The following program illustrates how the problem can be solved in fewer iterations by employing a local optimization. Inside the user objective function, before computing the objective value, every adjacent pair of cities in the tour is checked to determine if reversing the pair order would improve the objective value. For a pair of locations and $S_{i+1}$ , this means comparing the distance traversed by the subsequence $\{ S_{i-1},S_ i,S_{i+1},S_{i+2} \}$ to the distance traversed by the subsequence $\{ S_{i-1},S_{i+1},S_ i,S_{i+2}\}$ , with appropriate wrap-around at the endpoints of the sequence. If the distance for the swapped pair is smaller than the original pair, then the reversal is done, and the improved solution is written back to the population.

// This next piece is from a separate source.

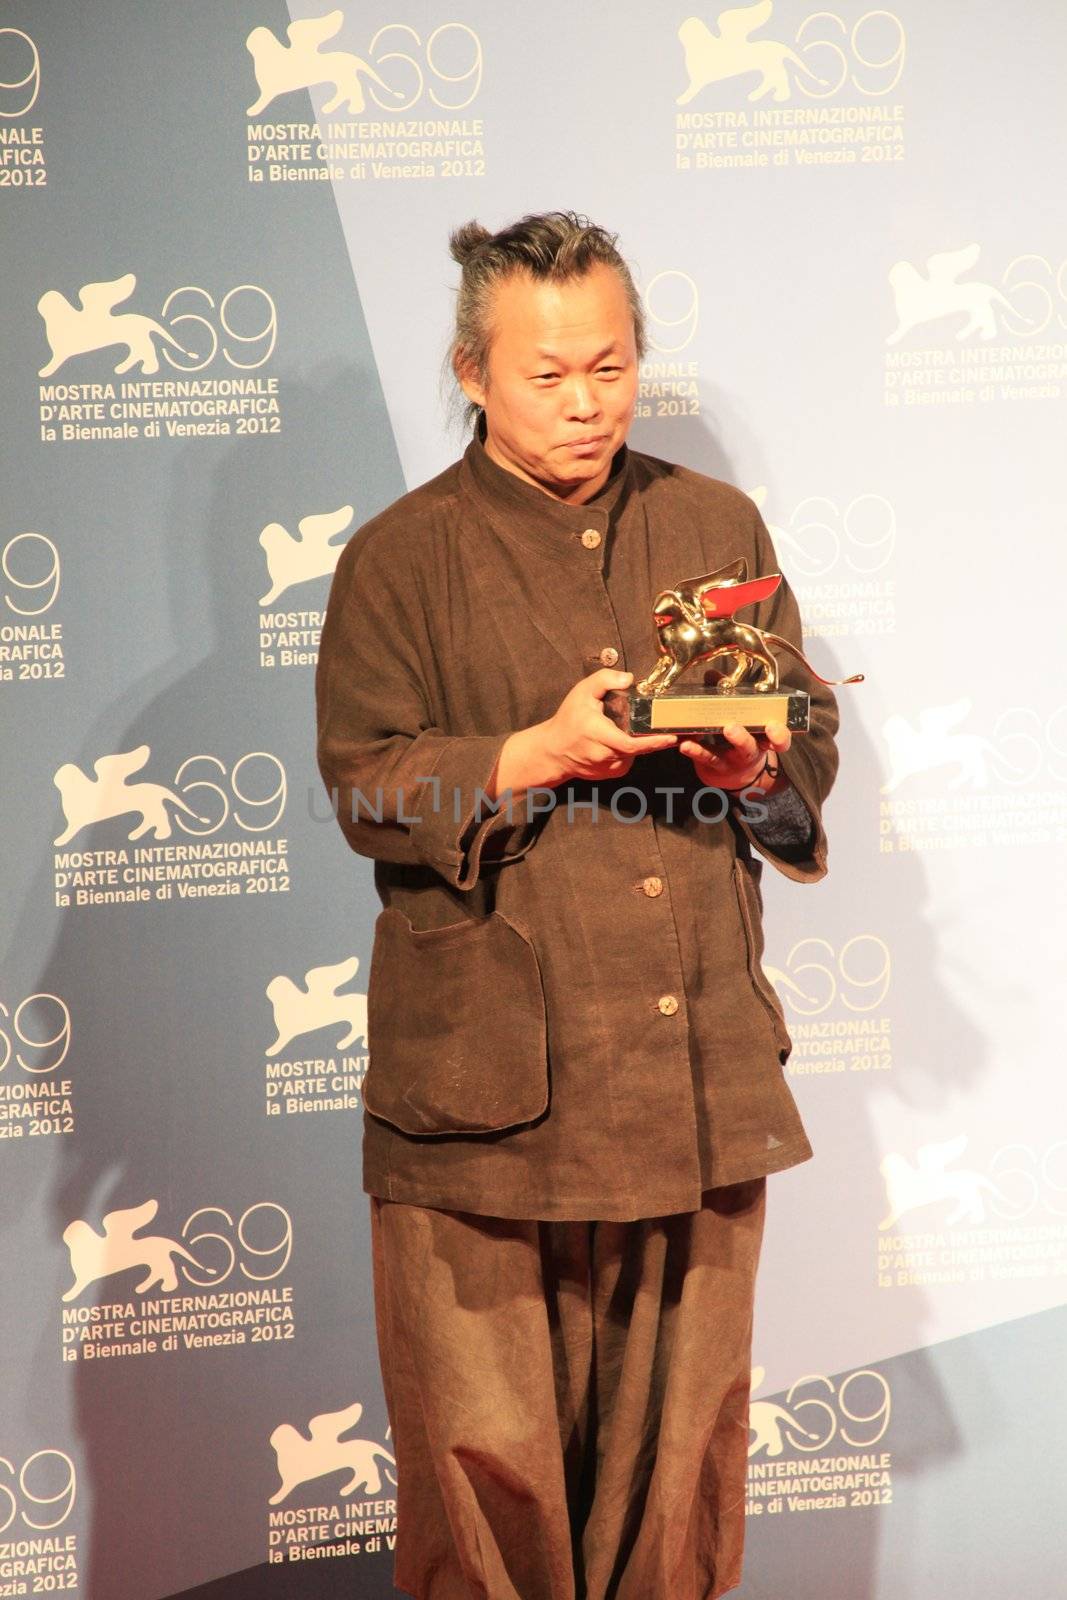 Kim Ki-duk poses for photographers at 69th Venice Film Festival

proc ga data1 = locations seed = 5554;
   call SetEncoding('S20');
   ncities = 20;
   array distances[20,20] /nosym;
   do i = 1 to 20;
      do j = 1 to i;
         distances[i,j] = sqrt((x[i] - x[j])**2 + (y[i] - y[j])**2);
         distances[j,i] = distances[i,j];
      end;
   end;
   /* Objective function with local optimization */
   function TSPSwap(selected[*],ncities,distances[*,*]);
   array s[1] /nosym;
   call dynamic_array(s,ncities);
   call ReadMember(selected,1,s);
   /* First try to improve solution by swapping adjacent cities */
   do i = 1 to ncities;
      city1 = s[i];
      inext = 1 + mod(i,ncities);
      city2 = s[inext];
      if i=1 then
         before = s[ncities];
      else
         before = s[i-1];
         after = s[1 + mod(inext,ncities)];
      if (distances[before,city1]+distances[city2,after]) >
         (distances[before,city2]+distances[city1,after]) then do;
         s[i] = city2;
         s[inext] = city1;
      end;
   end;         
   call WriteMember(selected,1,s);
   /* Now compute distance of tour */
   distance = distances[s[ncities],s[1]];
   do i = 1 to (ncities - 1);
      distance + distances[s[i],s[i+1]];
   end;
   return(distance);
   endsub;
   call SetObjFunc('TSPSwap',0);
   call SetCross('Order');
   call SetMut('Invert');
   call SetMutProb(0.05);
   call SetCrossProb(0.8);
   call SetElite(1);
   call Initialize('DEFAULT',200);
   call ContinueFor(35);
run;

The output after 85 iterations is given in Output 3.1.2.

Output 3.1.2: Traveling Salesman Problem with Local Optimization

PROC GA Optimum Values

Objective
3.7465311323

Solution
Element	Value
1	13
2	18
3	16
4	2
5	8
6	15
7	4
8	19
9	3
10	1
11	5
12	14
13	17
14	10
15	20
16	9
17	7
18	11
19	6
20	12

Since all tours are circular, the actual starting point does not matter, and this solution is equivalent to that reached with the simple approach without local optimization. It is reached after only 85 iterations, versus 220 with the simple approach.

Note: See the “Examples” section in Chapter 2: The OPTNET Procedure in SAS/OR 12.1 User's Guide: Network Optimization Algorithms . for an example of how to use PROC OPTNET to solve the TSP.